Anlık İleti - 1

21 Nisan 2009 Salı

 

Yok işte yok. Ne ismi ne cismi, hiçbir şeyi yok bunun. Anlamı da yok. Yazacak bir şey de yok aslında. Gözyaşlarım yetmiyor mu yaa? Konuşmaya ne hacet? Sanki konuşsam da umrunuz da mı? Siz mutlusunuz. Hepiniz mutlu. Ama ben değilim. Gün geçtikçe de daha da kötüleşiyorum. Ölmek istiyorum anlıyor musunuz? Hayır, anlamıyorsunuz işte. Yeter bu kadar! Kendime zarar vermek istiyorum, vermeye de başladım zaten. Kan akıtmak istiyorum.
Siz hiç günler boyu çatık kaşlarla dolaştınız mı? Her şeye ama her şeye sinir oldunuz mu? Şu anki halimi tarif edeyim mi?

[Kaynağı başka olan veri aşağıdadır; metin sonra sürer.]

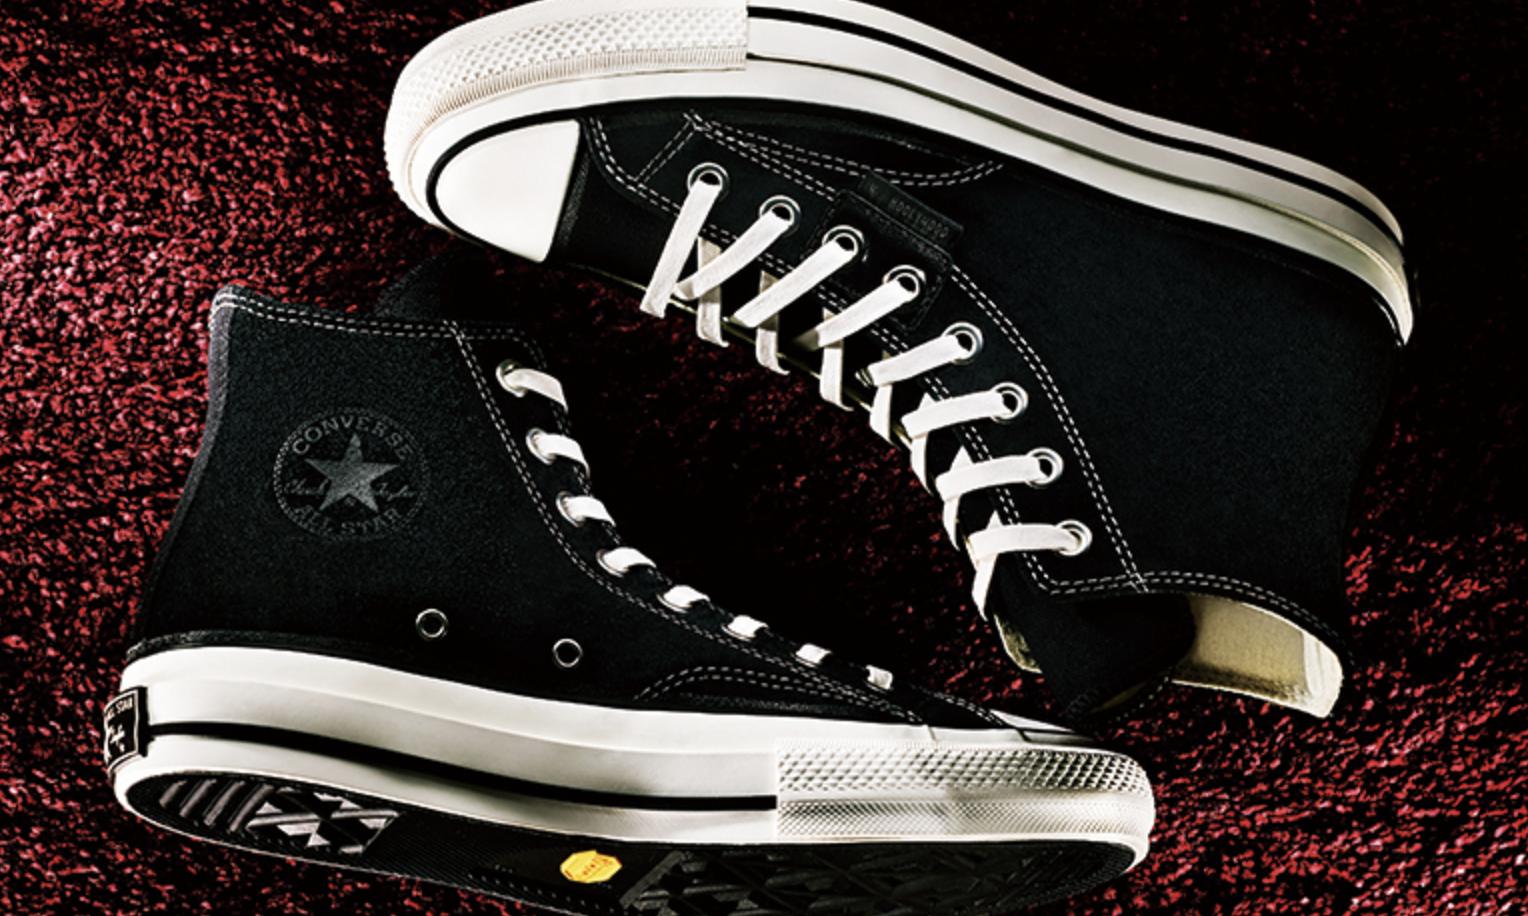 N.HOOLYWOOD x CONVERSE ADDICT 全新联乘鞋款正式登场

Hadi edeyim. Yerde oturuyorum, bağdaş kurmuşum. Kulağımda kulaklık, sesini iyice açtığım haykıran bir müzik dinliyorum. Dişlerimi sıka sıka şarkıya eşlik ediyorum. Bacaklarım sinirden titriyor, habire sallıyorum. Kaşlarım çatık, ekrana nefretle bakıyorum. Çenem titriyor, çünkü ağlıyorum. Midem delinmişçesine, başım çatlarcasına ağrıyor. Tanıdınız mı? Bu benim işte. Kaç zamandır bu halde olan ben. Tanıştığınıza memnun oldunuz mu? Bence olmadınız. Olmayın da.
Her neyse. Niye uzatıyorum ki bu yazıyı. Bitti işte. Bu kadar.